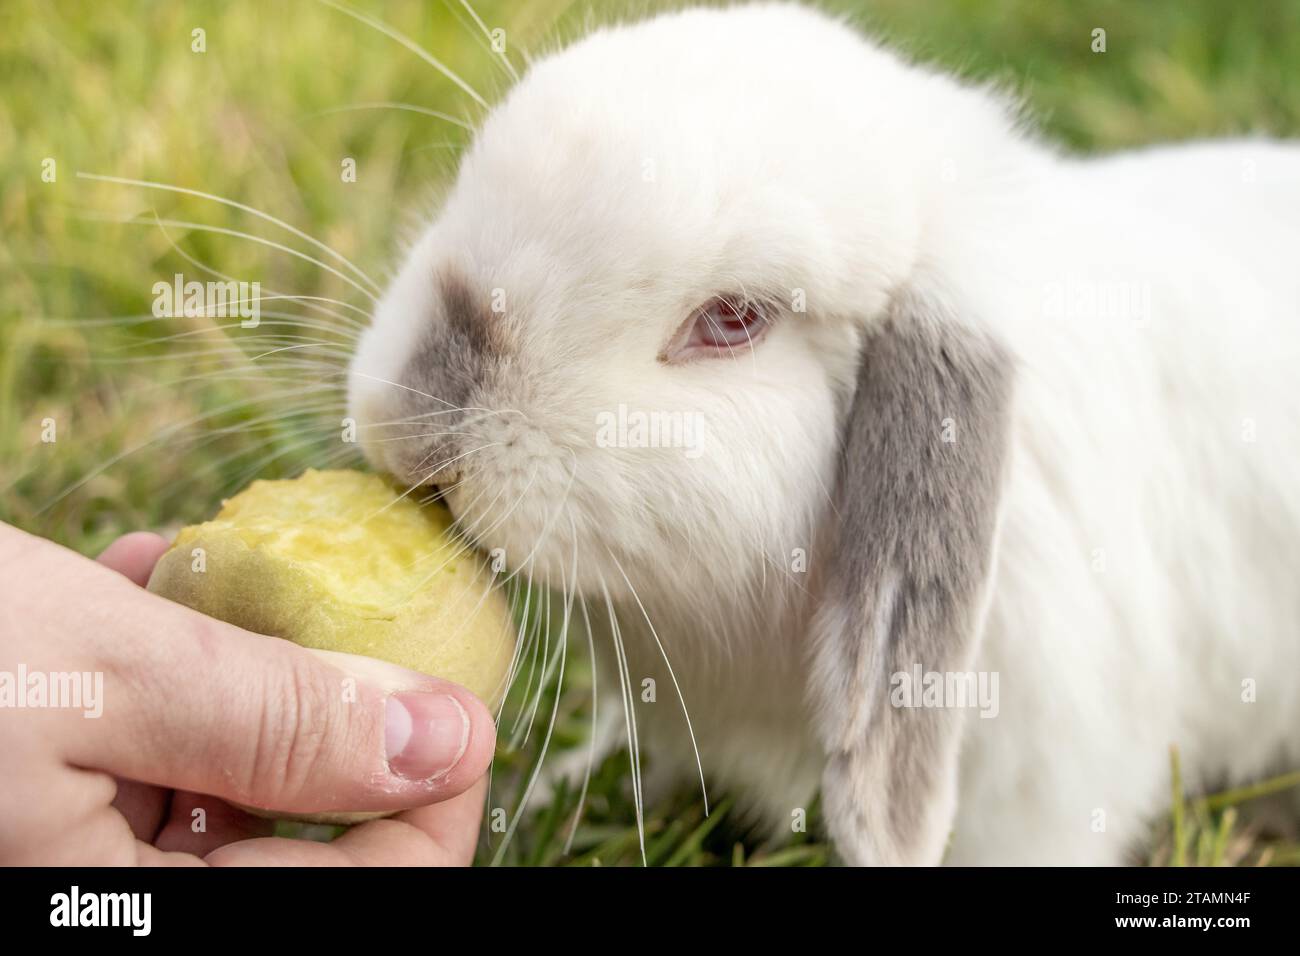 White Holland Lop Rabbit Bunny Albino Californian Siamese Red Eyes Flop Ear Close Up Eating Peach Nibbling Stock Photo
==================================================
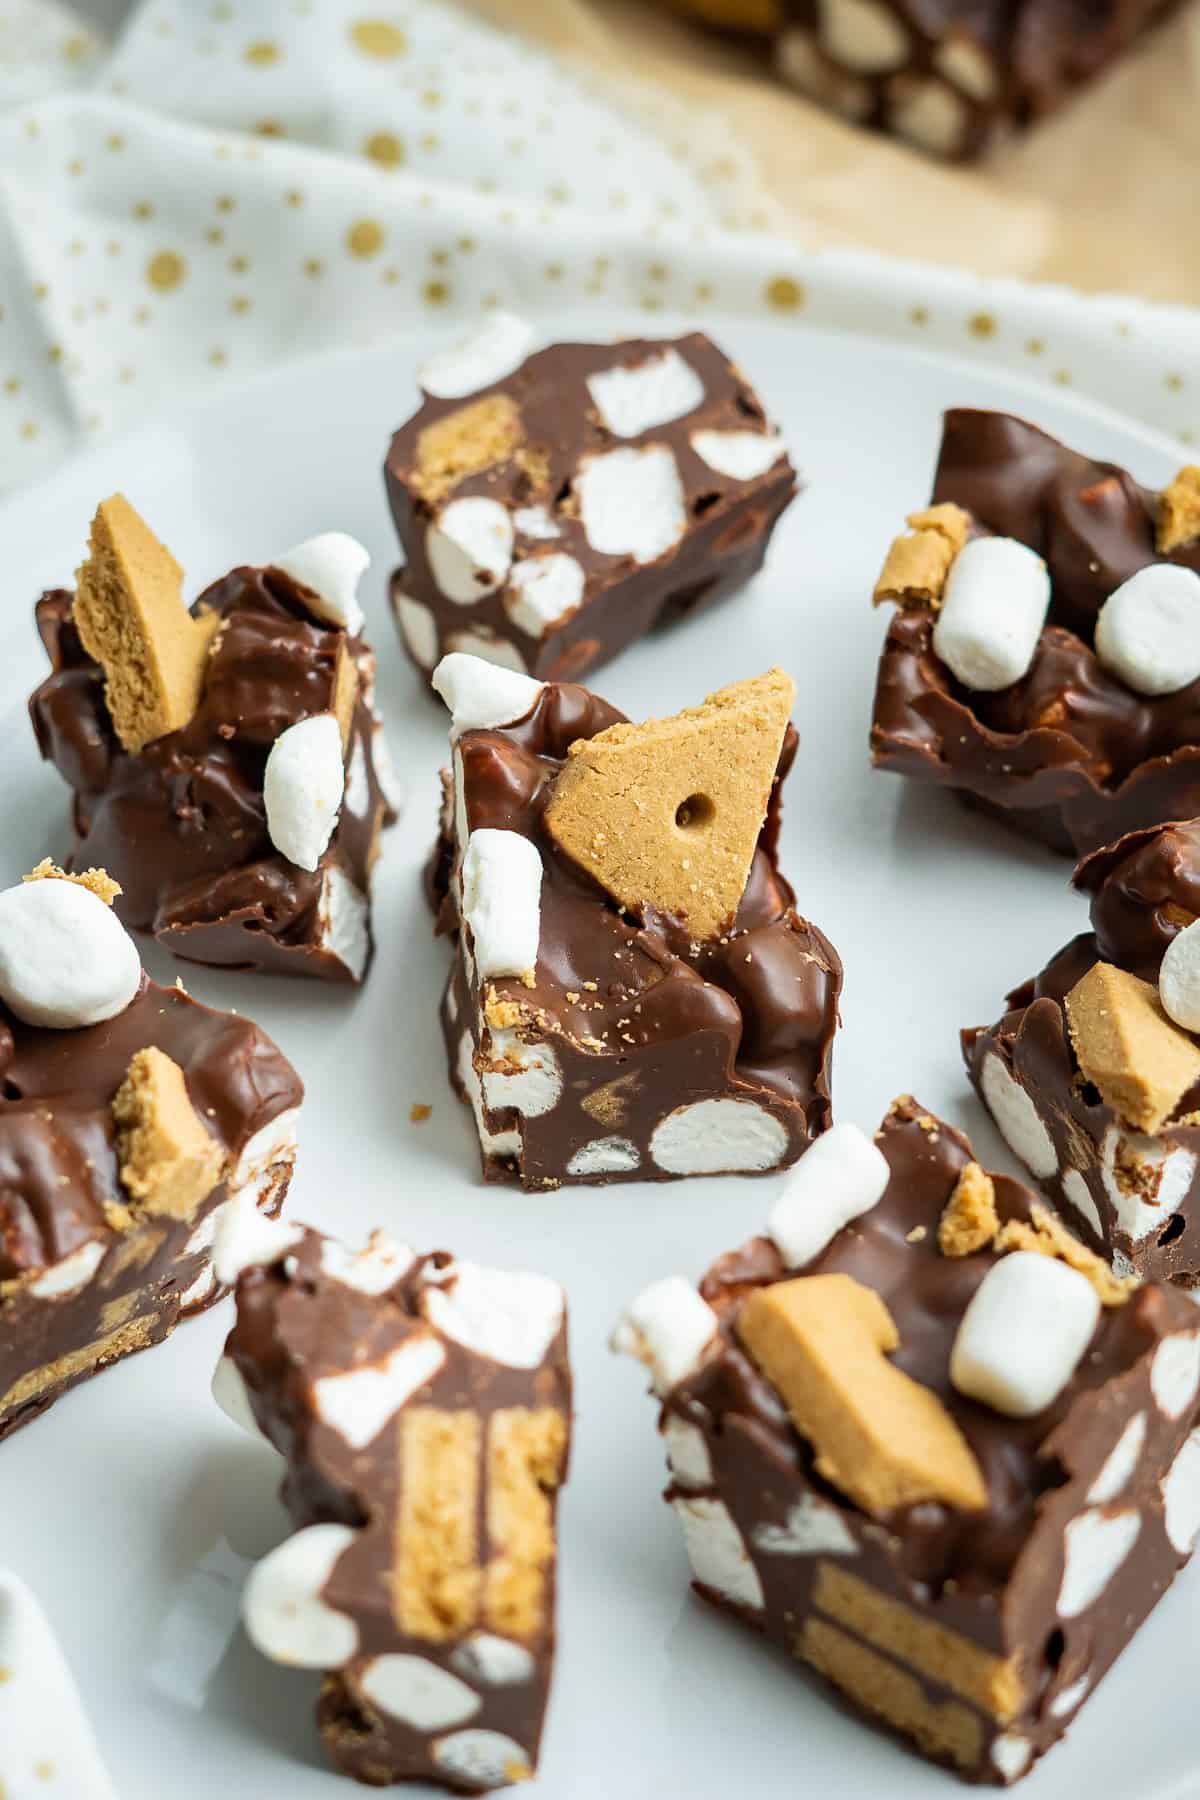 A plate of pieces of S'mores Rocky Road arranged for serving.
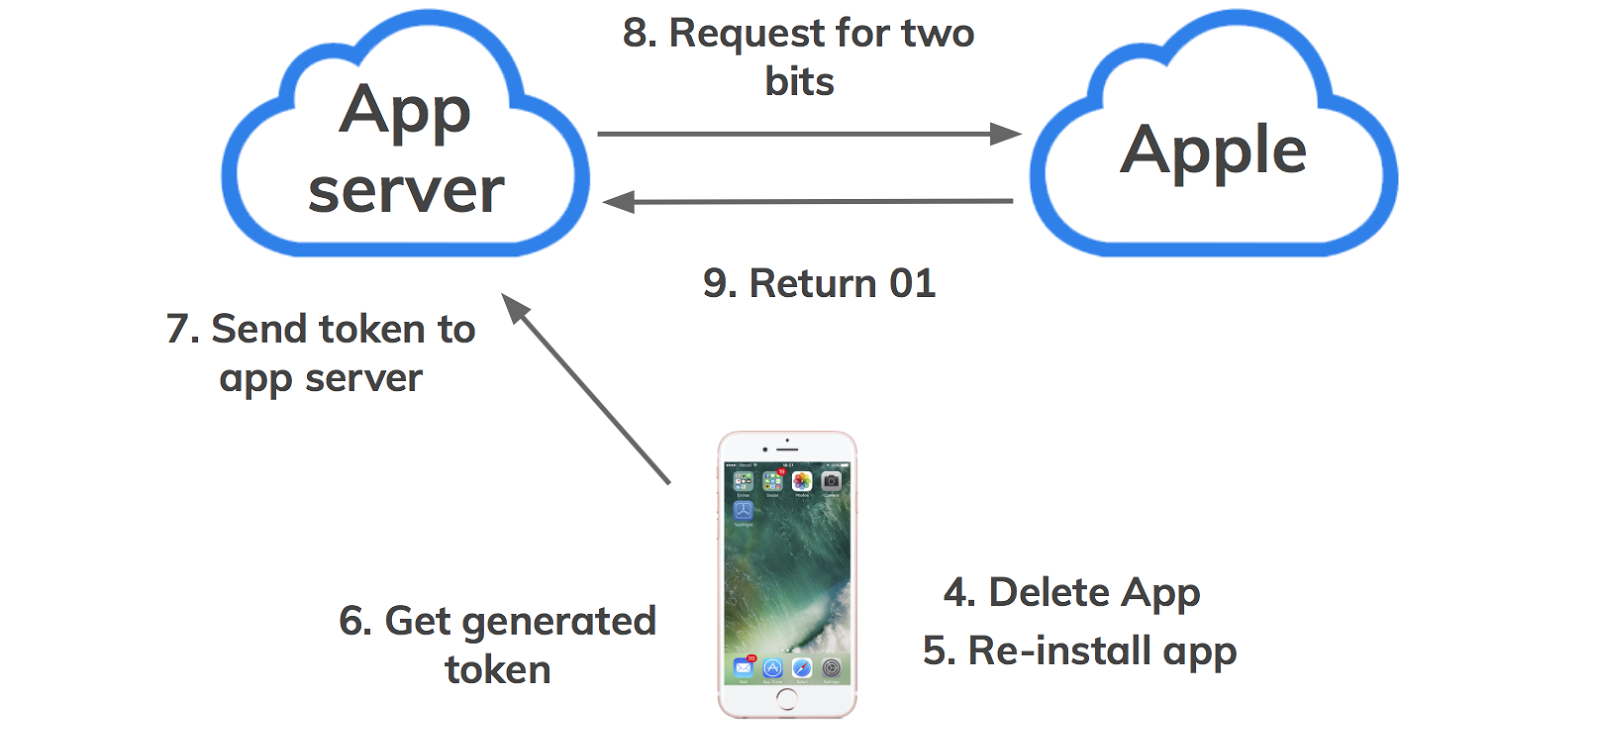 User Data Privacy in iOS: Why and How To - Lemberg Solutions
==================================================
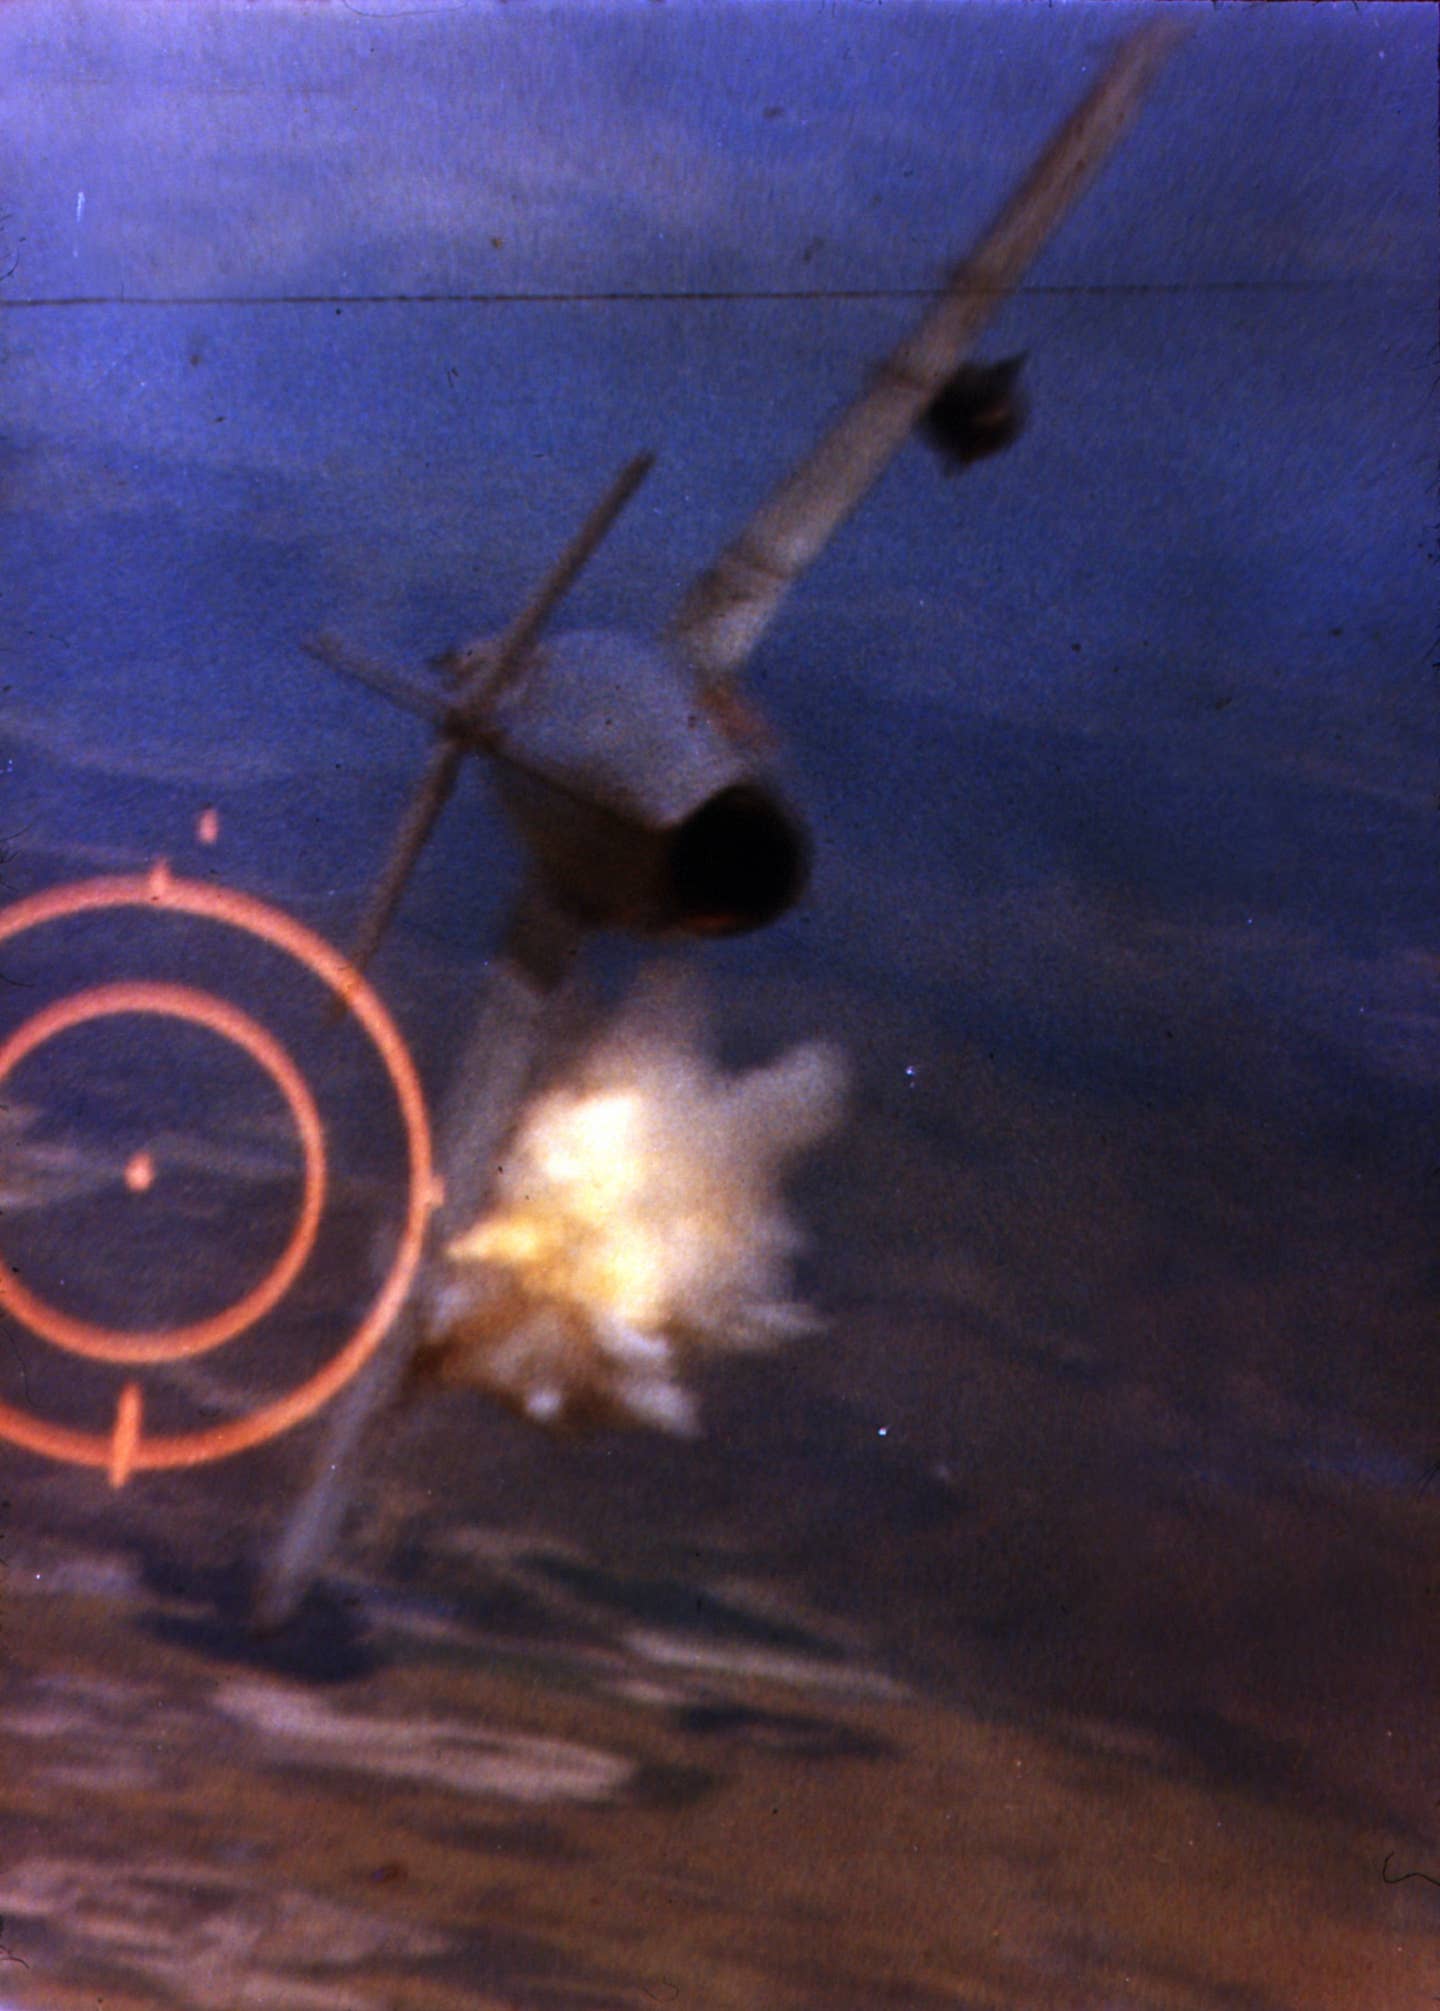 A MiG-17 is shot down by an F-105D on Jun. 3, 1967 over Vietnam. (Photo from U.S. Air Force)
==================================================
With the pictures omitted, restate word for word the lines above from the line that has "A plate of pieces" up to and including the line that has "User Data Privacy", and no other lines.

 A plate of pieces of S'mores Rocky Road arranged for serving.
 User Data Privacy in iOS: Why and How To - Lemberg Solutions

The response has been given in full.